Payment gateways are an ambiguous topic. To help you better understand what they are and why you need one, let's see what payment gateways look like in action.
Step 1: Once the customer makes a purchase on the e-commerce site, the e-commerce platform passes it to the payment gateway via an encrypted connection.
Step 2: The payment gateway receives the credit card information and forwards it to the business owner's business account. More specifically, the payment gateway company passes the credit card information to the payment processor of the business account bank. Authorization to process credit and debit card transactions between buyers and sellers.

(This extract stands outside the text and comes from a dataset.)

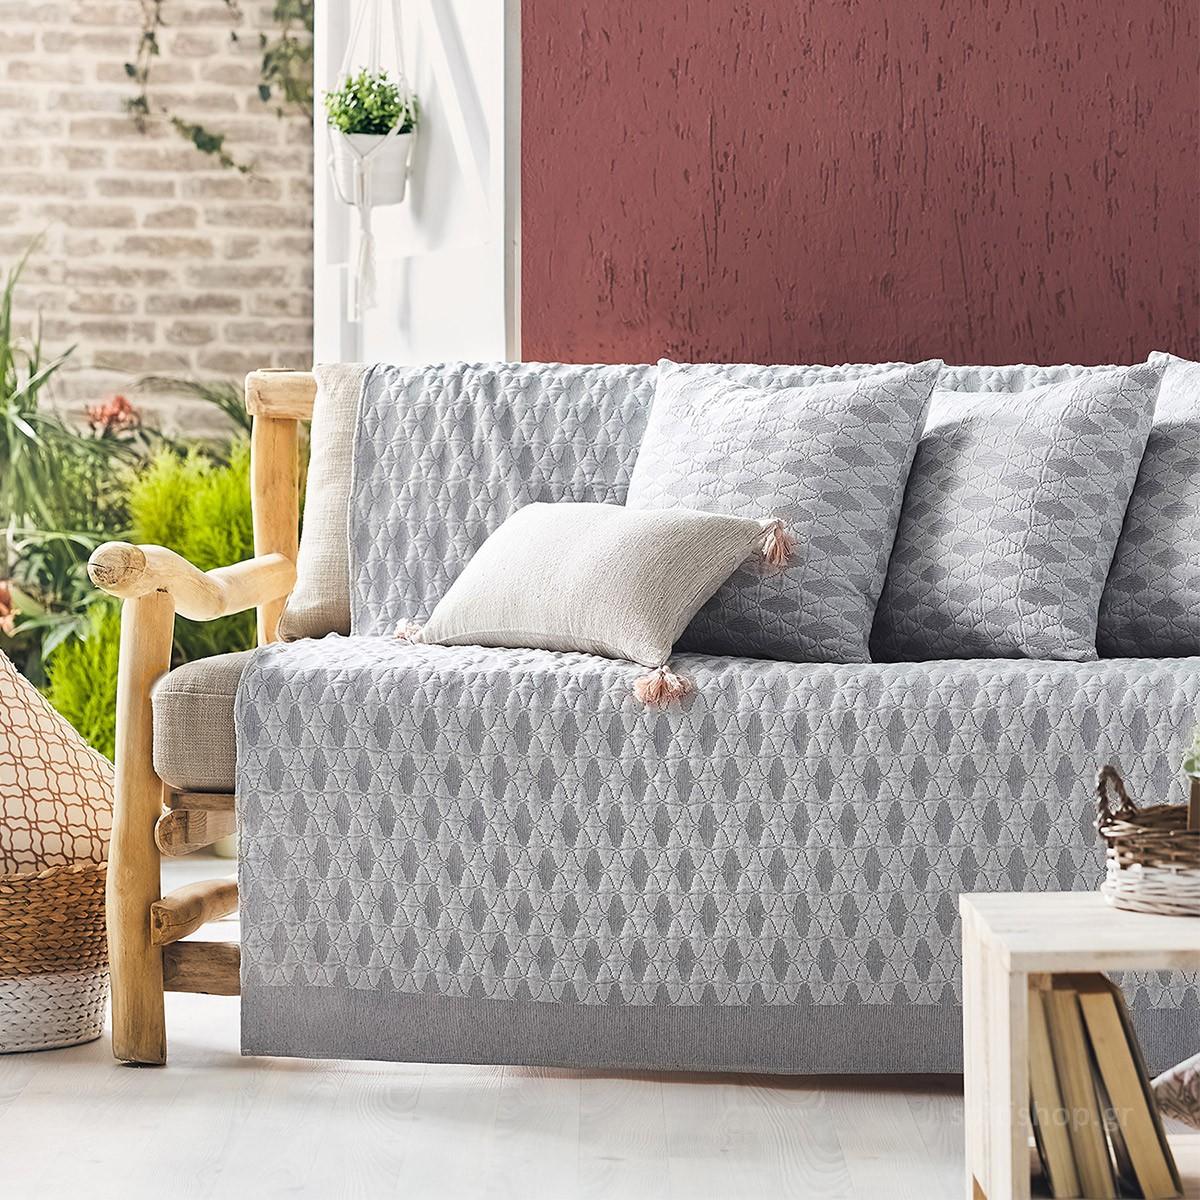 Ριχτάρι Τριθέσιου (180×310) Gofis Home Quattro Grey 386/15
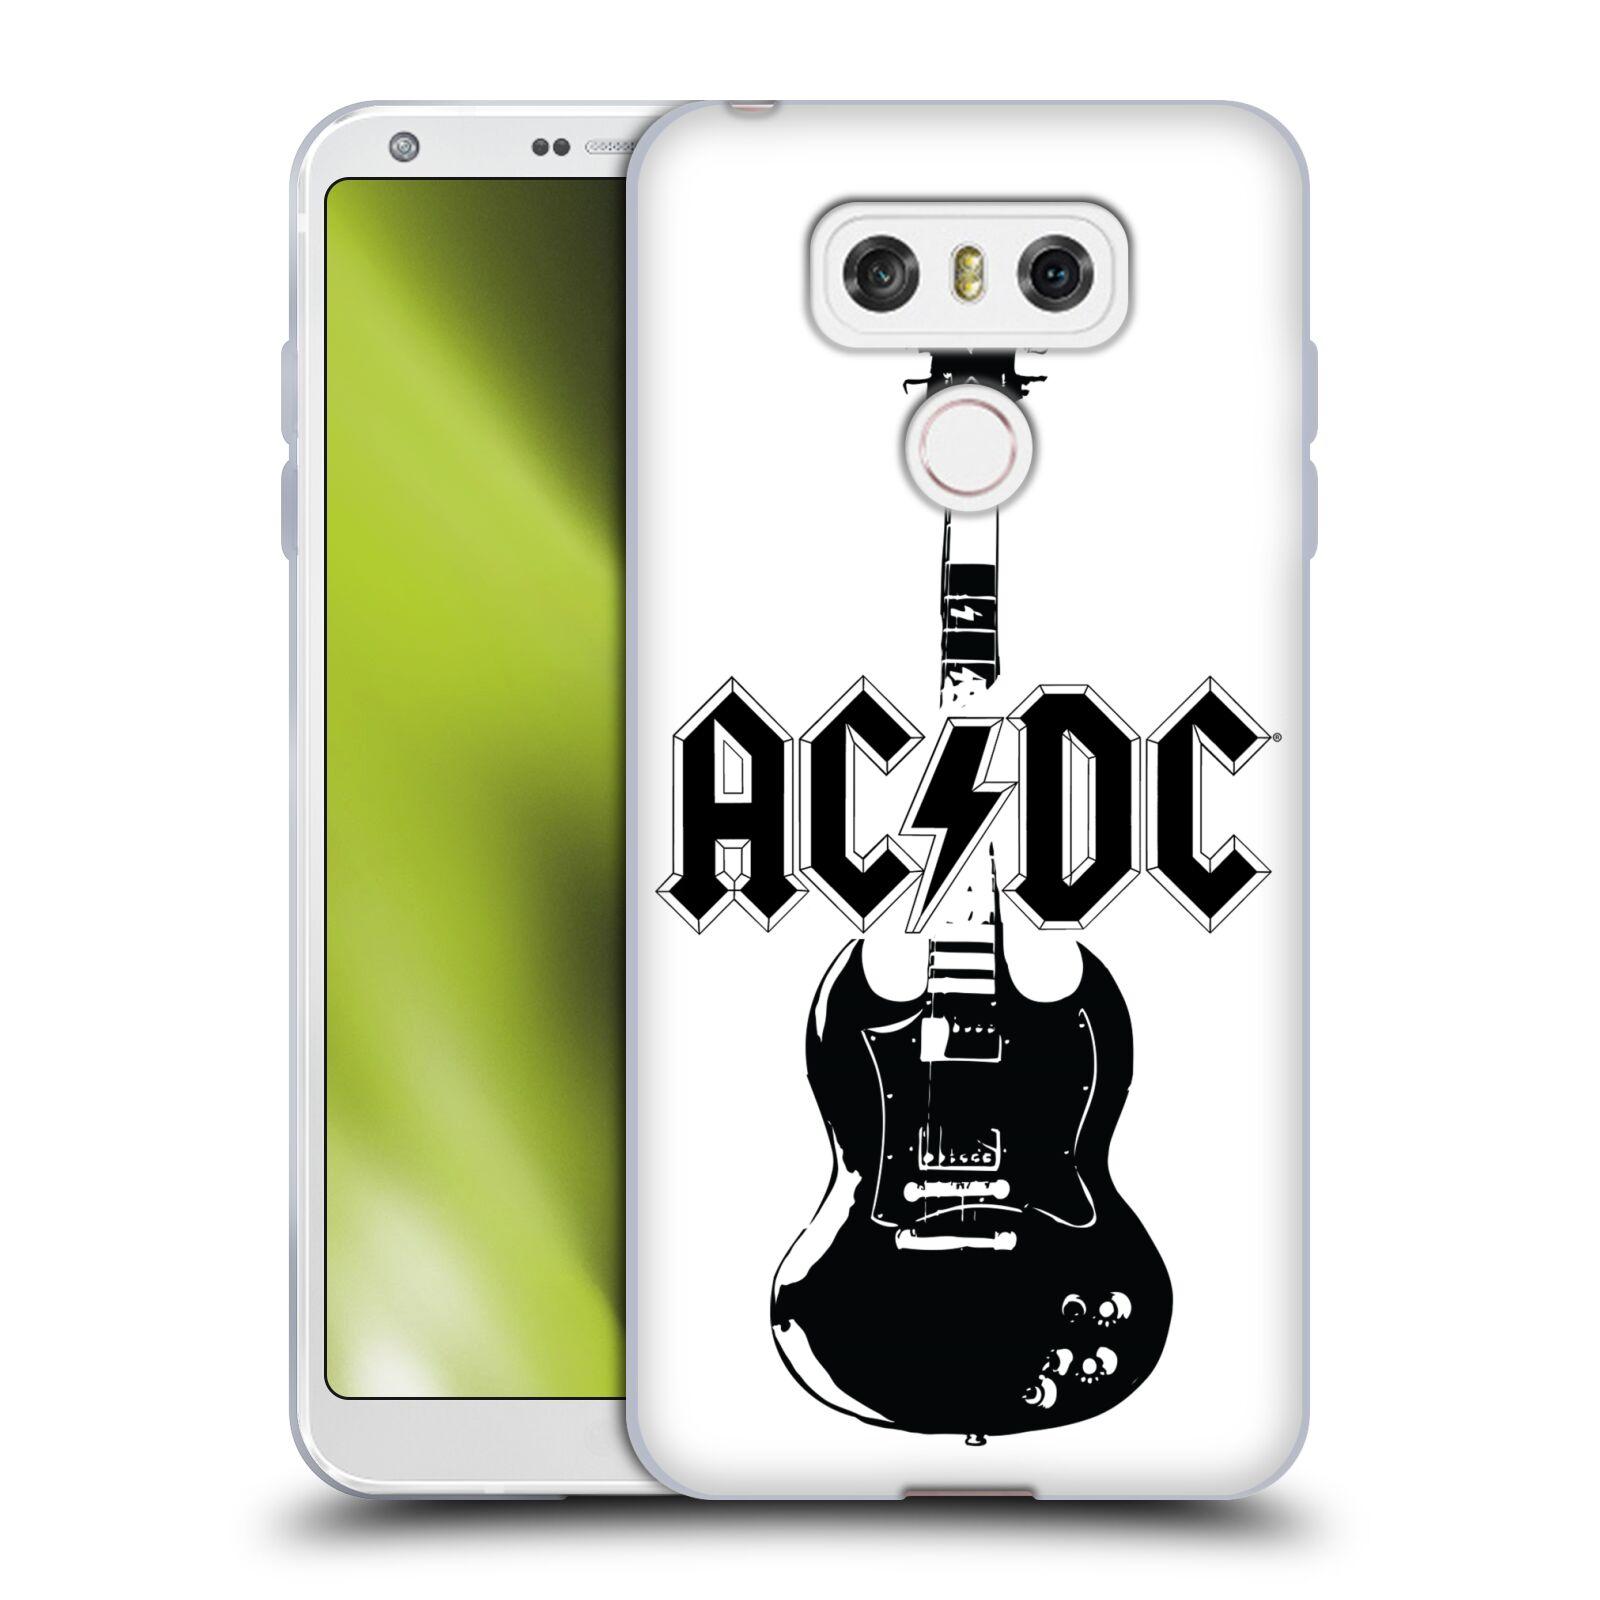 HEAD CASE silikonový obal na mobil LG G6 / G6 DUAL rocková skupina ACDC kytara černá a bílá

Step 3: Next, the payment processor contacts the customer's credit card network (Visa, Mastercard, etc.). The card network transfers the transaction to the credit card bank (customer bank).
Step 4: Check with the issuing bank to ensure funds are available and the transaction is not fraudulent. Depending on the bank's findings, it will either approve or reject the transaction. Regardless, it communicates its decision to the credit card network.
Step 5: Process or reject the sale. If the transaction is approved, the credit card network will notify the merchant account's payment processor and funds will be allocated to the merchant account. The information will also be forwarded back to the e-commerce platform via the payment gateway, informing the customer that the sale has been processed (or in question, rejected).
Thanks to the payment gateway, the whole process happens in seconds.